Imagine you’ve been feeling more tired lately, but you think, who isn’t? You work long hours at the office and at home. The fatigue becomes worse. After a battery of blood tests, the practitioner tells you the results. The anemia is caused by excess protein in the blood and has damaged your bones. The diagnosis is multiple myeloma (MM). What is multiple myeloma? What does this diagnosis mean to me and my family?
Multiple myeloma is a cancer of the bone marrow plasma cells. Malignant plasma cells secrete clones of normal immunoglobulins that produce cytokines and attack the organs. Hallmarks of the cancer include hypercalcemia, anemia, renal insufficiency, and bone lesions.1 In 2014, approximately 24,000 patients will receive an MM diagnosis. As of 2011, an estimated 83,000 patients in the United States were living with this cancer.2 Although MM is largely incurable, overall survival has dramatically increased to 8 to 10 years, owing to the advent of newer therapies.3,4 There is currently no standard of care for treatment of MM at diagnosis; thus, clinical trial participation is encouraged.
Given the chronic nature of MM, upon diagnosis patients and their caregivers immediately become concerned about the short- and long-term physical, financial, social, and societal issues. Informed and proactive patients will strive to learn about the best treatment options, adverse effect management strategies, and what questions to ask.
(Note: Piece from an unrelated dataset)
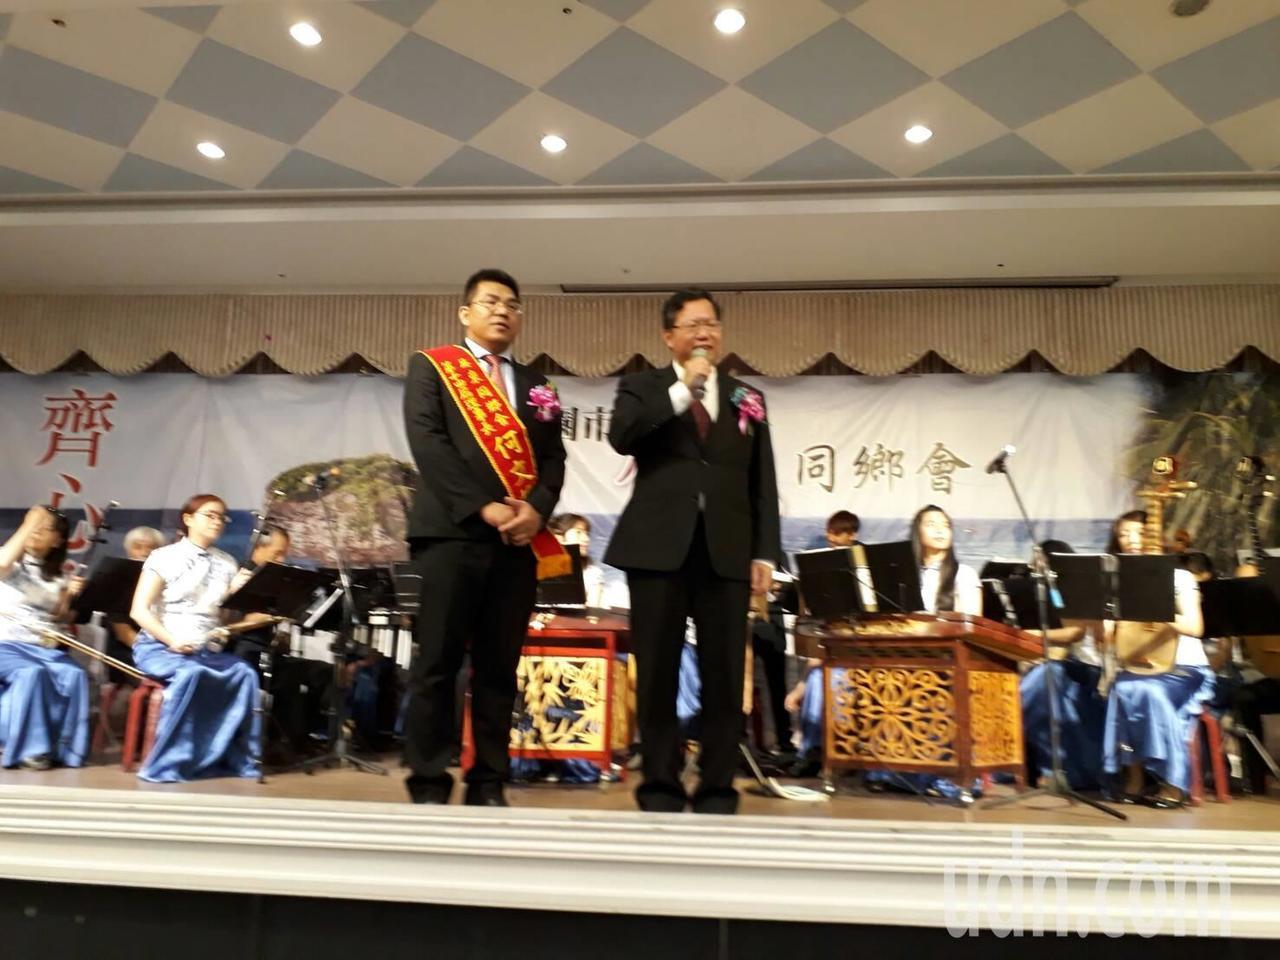 桃園市長鄭文燦(右)肯定屏東同鄉會對桃園的貢獻。記者鄭國樑/攝影

Support groups, patient care organizations, and hospitals themselves provide resources. But until now, there has been no single source of information written by someone with firsthand knowledge of living with this cancer.
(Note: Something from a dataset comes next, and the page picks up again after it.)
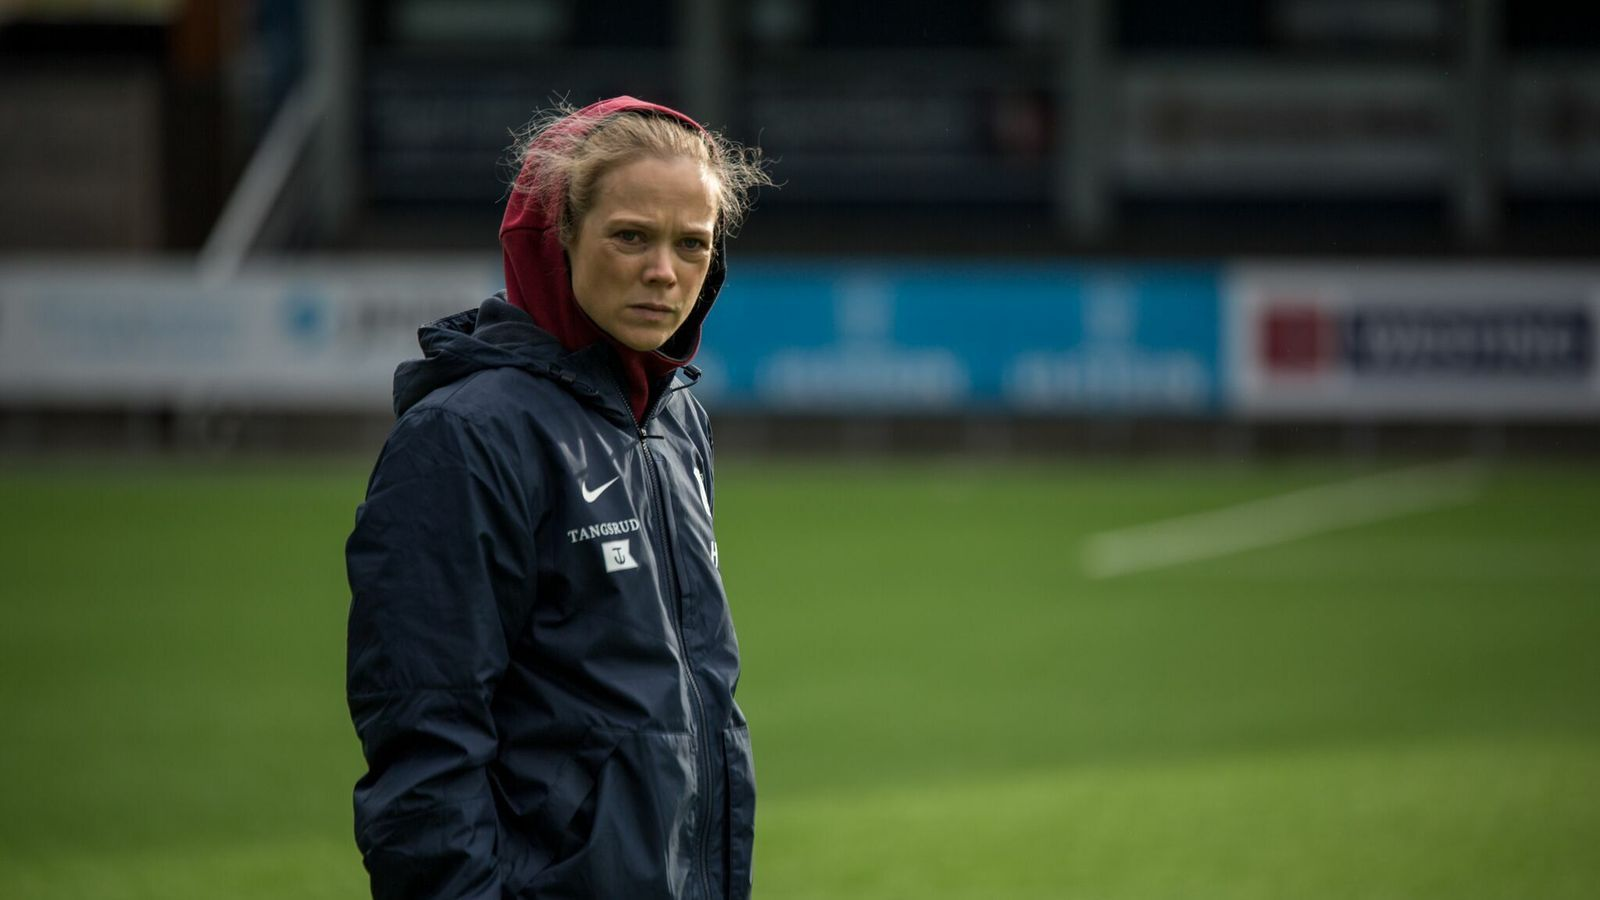 La protagonista de Home Ground, sèrie noruega sobre una dona entrenadora.

To fill this gap, a patient and caregiver have offered their unique perspectives by cowriting The Myeloma Survival Guide, in concert with Their Best Advice Foundation.5 Their intimate knowledge of living with cancer allowed the authors to highlight the common health and psychosocial concerns the patient experiences as well as the resources to address them.
I had the opportunity to read the book, which is chock-full of resources to deal with common issues and answers frequently asked questions. The reader navigates the “forest full of trees” that is living with MM and experiences “new normal” ways of life. Key areas highlighted include the aforementioned financial, social, and psychological issues, and all are appropriately addressed. This book is a practical guide for all patients and caregivers as they steer through the rapidly changing landscape of the myeloma diagnosis and treatment process.
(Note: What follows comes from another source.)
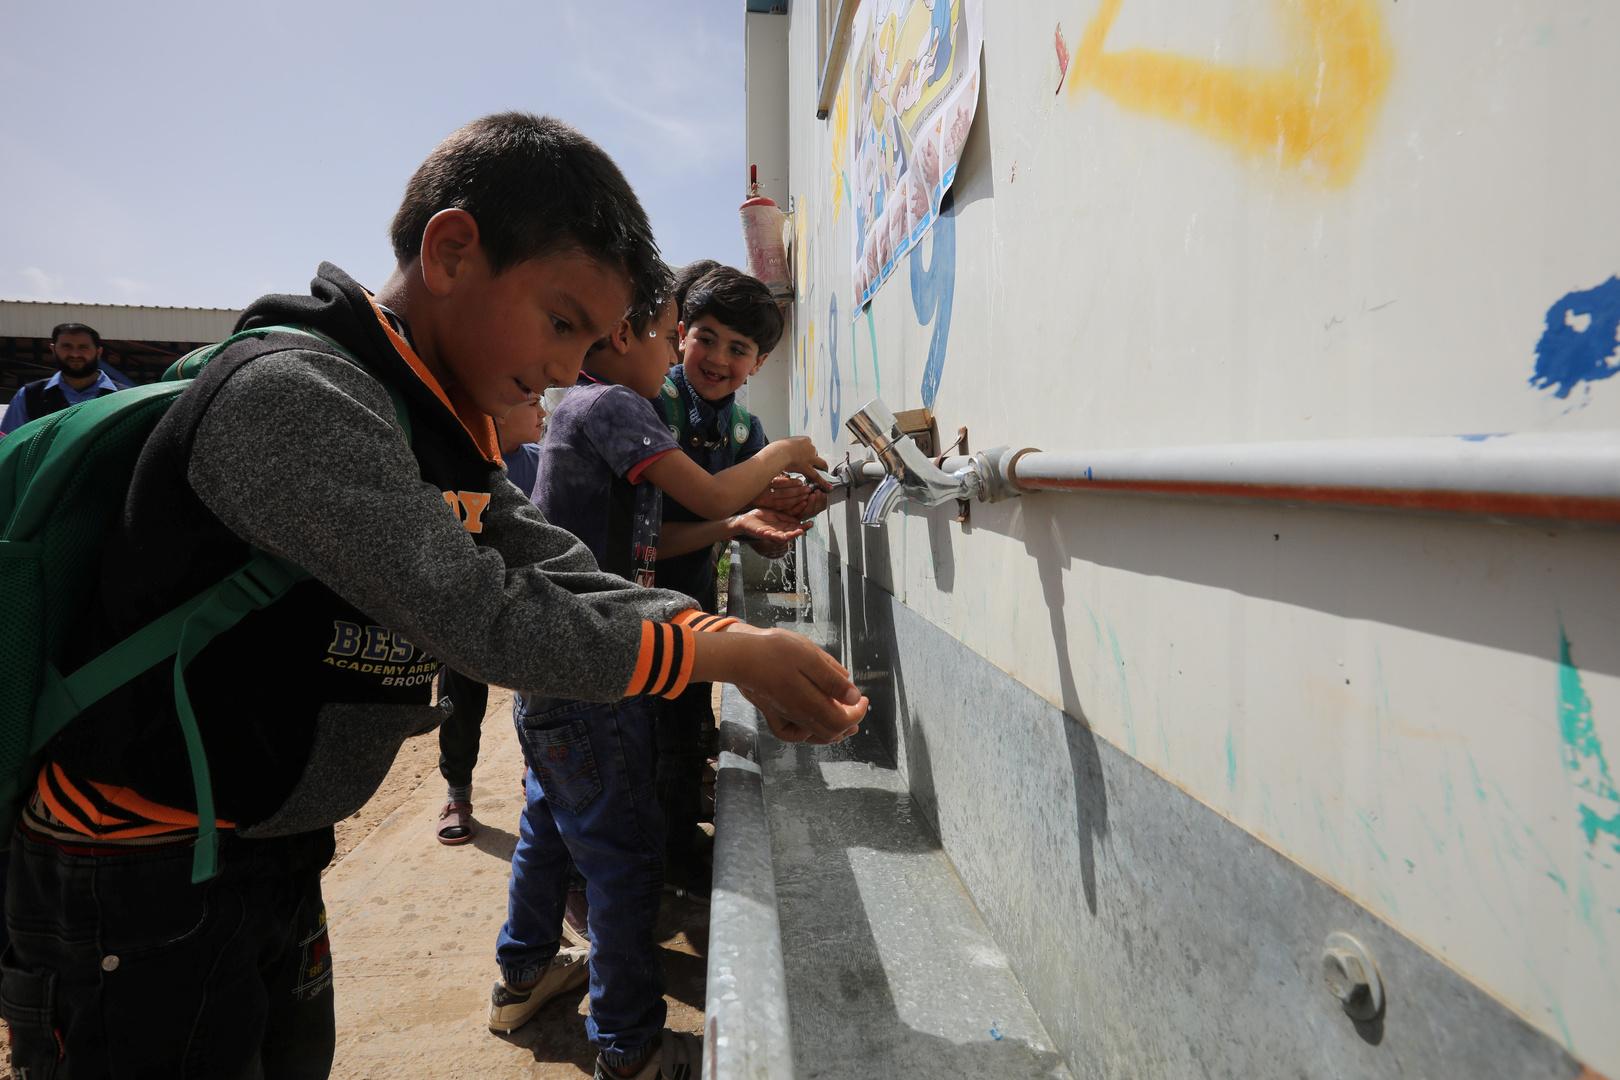 الأردن يخصص 2.4 مليار دولار استجابة للأزمة السورية

The Myeloma Survival Guide is pragmatic and relevant. As nurses, APNs, and PAs, we strive to understand what the patient and family are going through. But only those who have dealt firsthand with the diagnosis can truly understand what it means to live with this disease. I highly recommend this book for patients and caregivers who would like to learn more about MM and the resources available. Feel free to go to www.tbafoundation.org and share this information with your patients!
- Palumbo A, Rajkumar SV, San Miguel JF, et al. International Myeloma Working Group consensus statement for the management, treatment, and supportive care of patients with myeloma not eligible for standard autologous stem-cell transplantation. J Clin Oncol. 2014;32(6):587-600.
- Howlander N, Noone AM, Krapcho M, et al (eds). SEER Cancer Statistics Review (CSR) 1975-2011. http://seer.cancer.gov/csr/1975_2011/. Updated August 27, 2014. Accessed August 28, 2014.
- Kurtin S, Faiman B. The changing landscape of multiple myeloma: implications for oncology nurses. Clin J Oncol Nurs. 2013;17(suppl):7-11.
- Kumar SK, Dispenzieri A, Lacy MQ, et al. Continued improvement in survival in multiple myeloma: changes in early mortality and outcomes in older patients. Leukemia. 2014;28(5):1122-1128.
- Tamkin J, Visel D. The Myeloma Survival Guide. New York, NY: Demos Health; 2014.